* _SUPPLIED INFORMATION_
▶
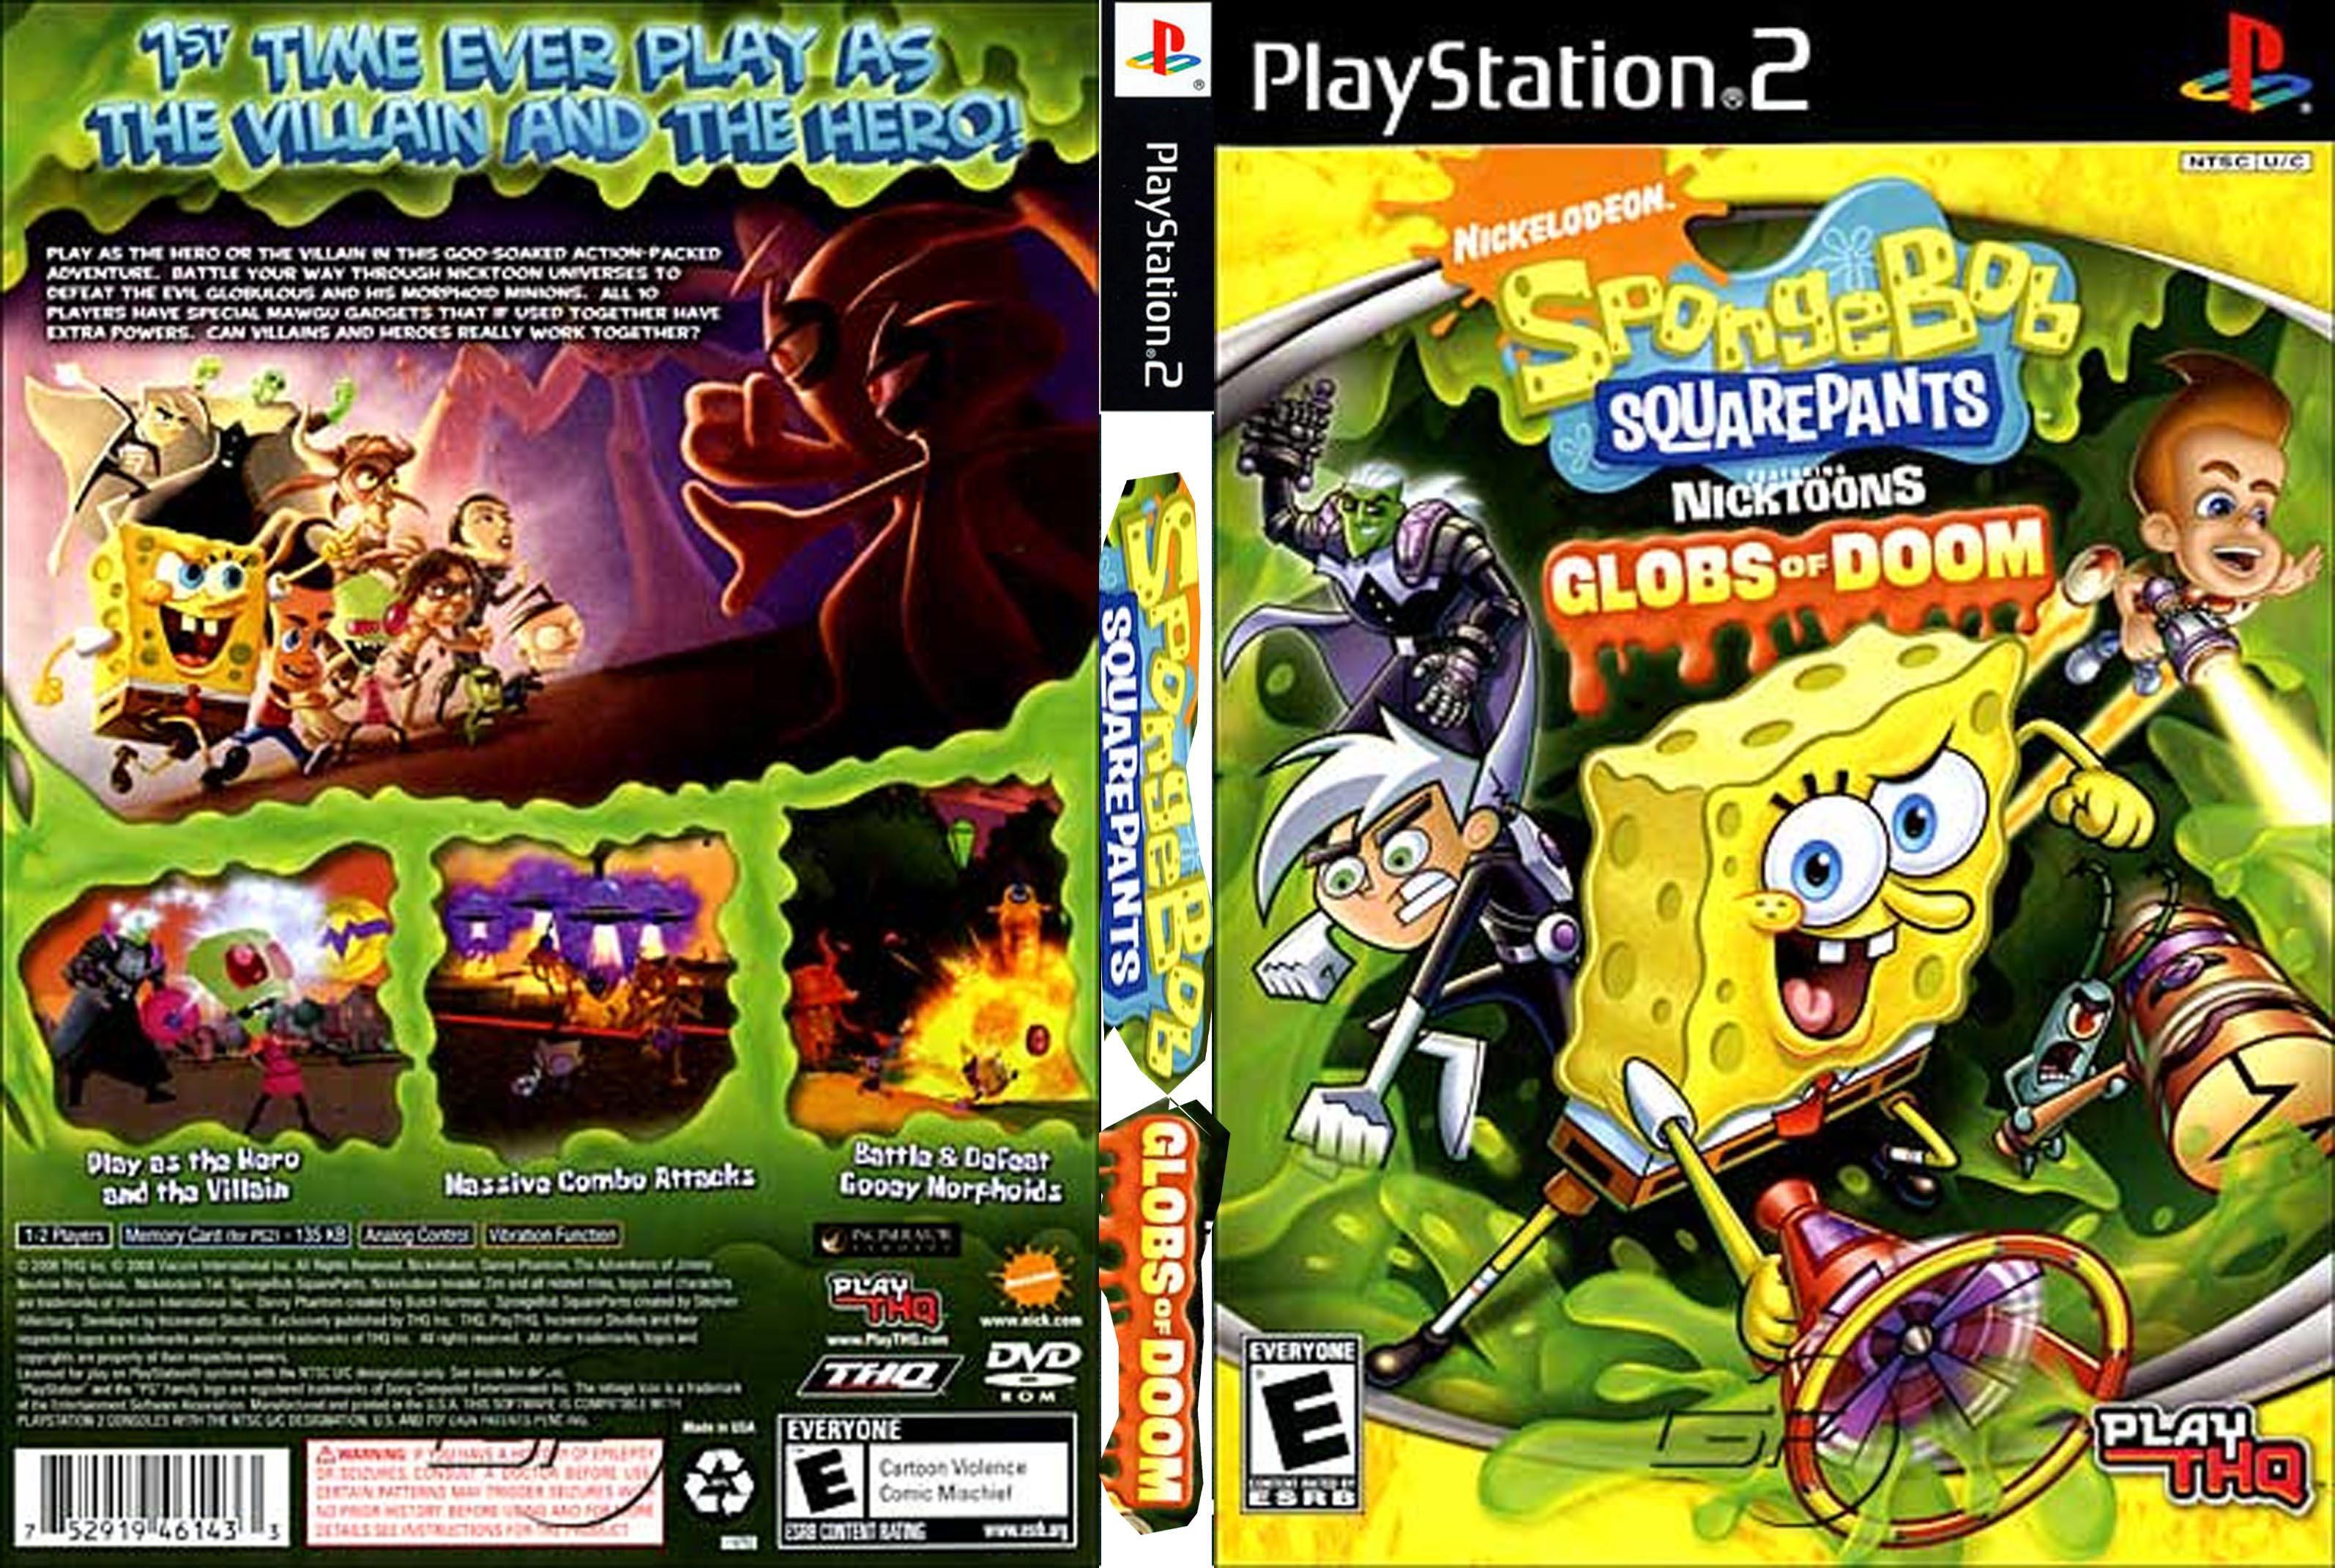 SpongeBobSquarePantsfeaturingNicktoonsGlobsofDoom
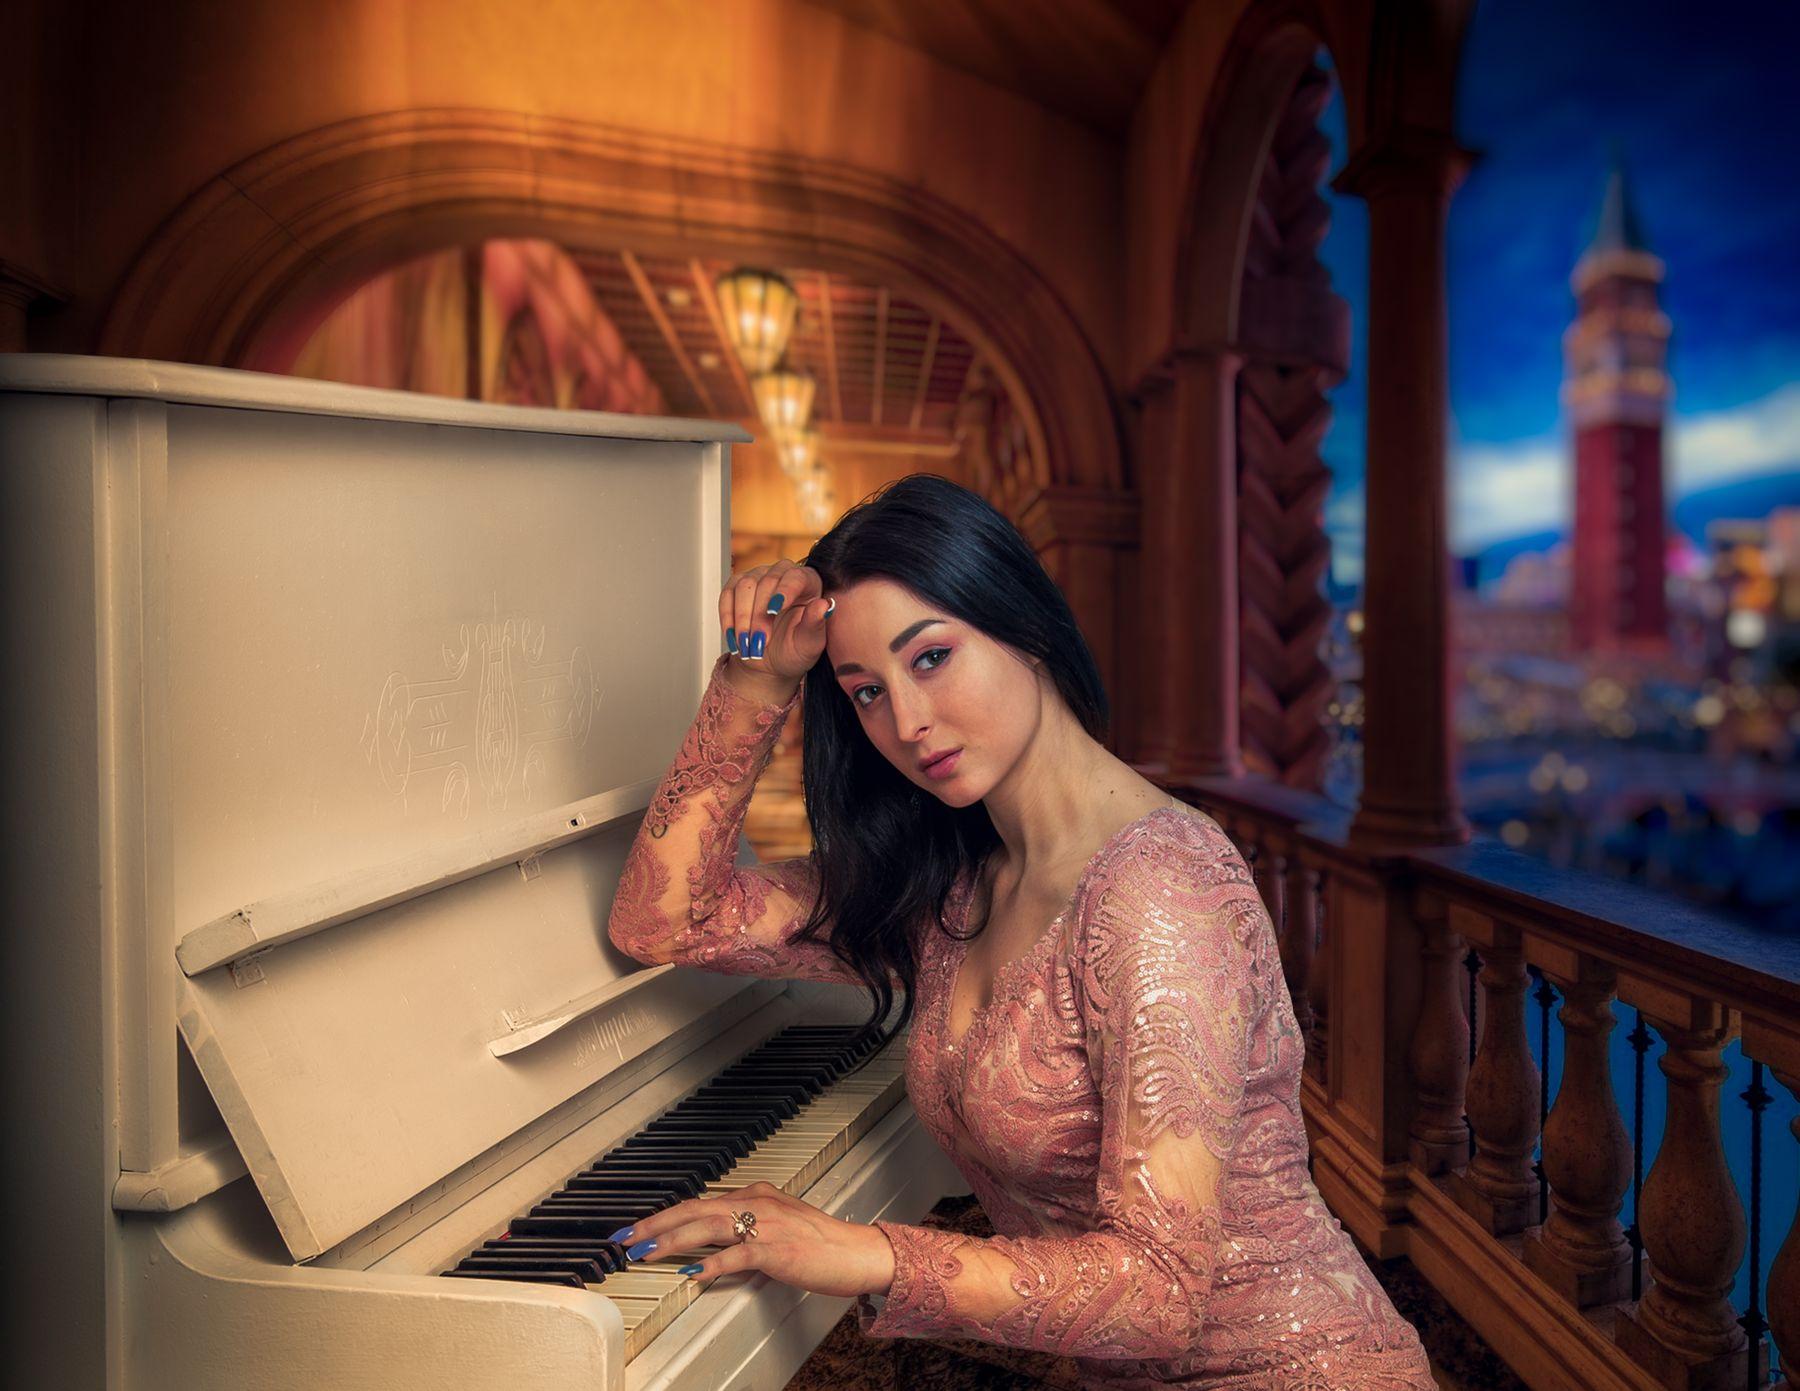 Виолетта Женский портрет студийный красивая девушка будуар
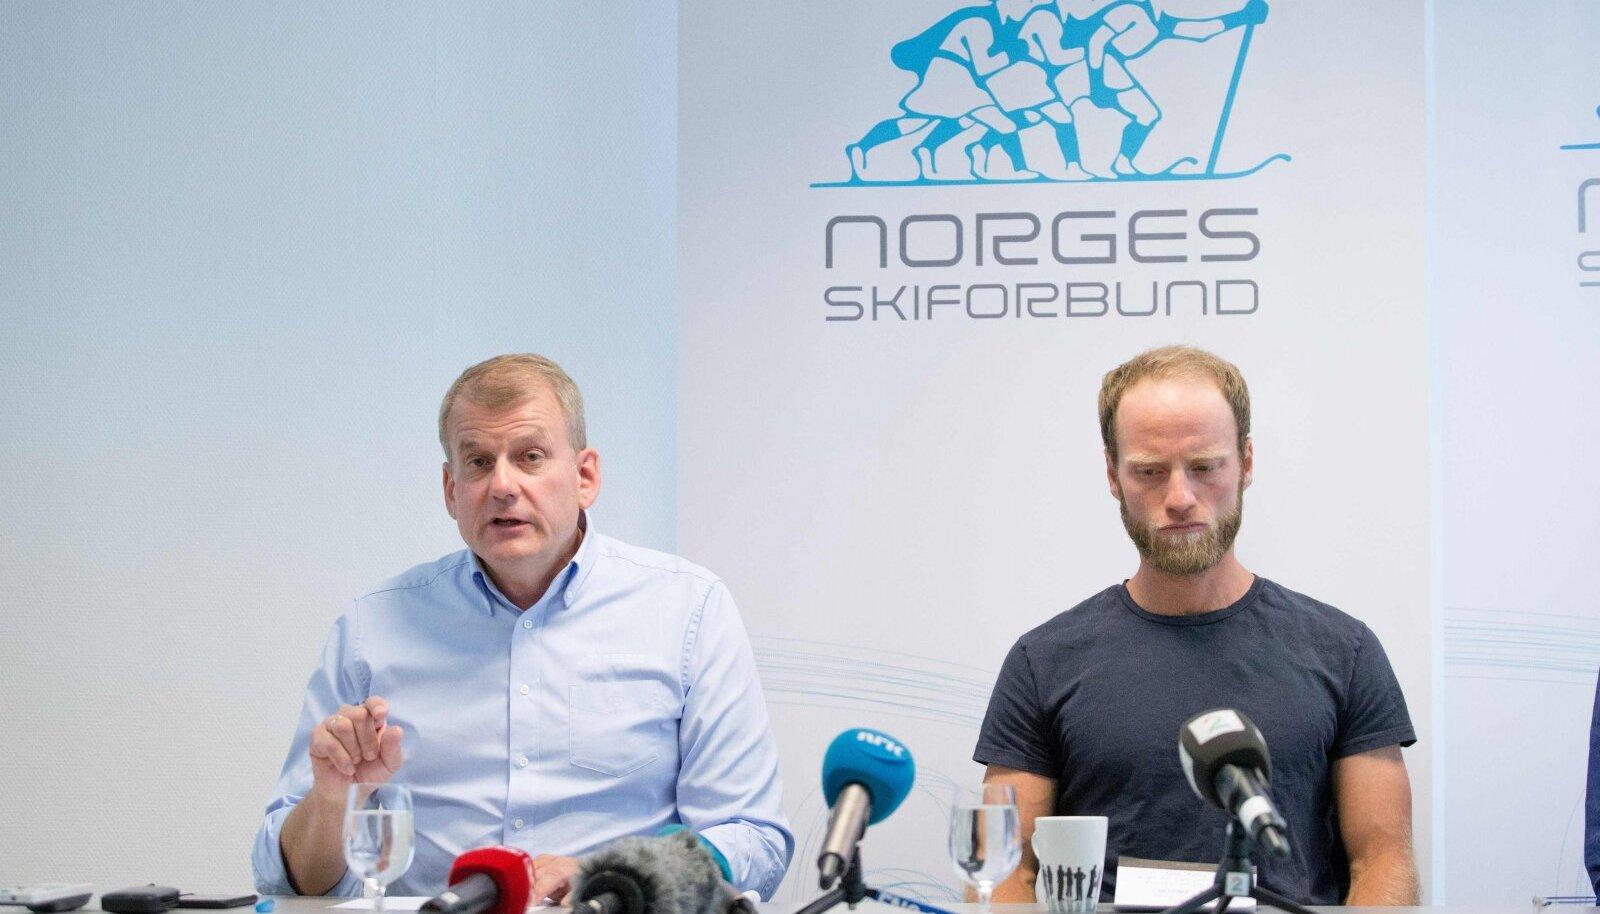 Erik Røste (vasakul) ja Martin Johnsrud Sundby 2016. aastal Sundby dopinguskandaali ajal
◀
Having located the line with "Виолетта Женский портрет", copy it exactly along with every later line through the end of the listing above, but omit the pictures.

 Виолетта Женский портрет студийный красивая девушка будуар
 Erik Røste (vasakul) ja Martin Johnsrud Sundby 2016. aastal Sundby dopinguskandaali ajal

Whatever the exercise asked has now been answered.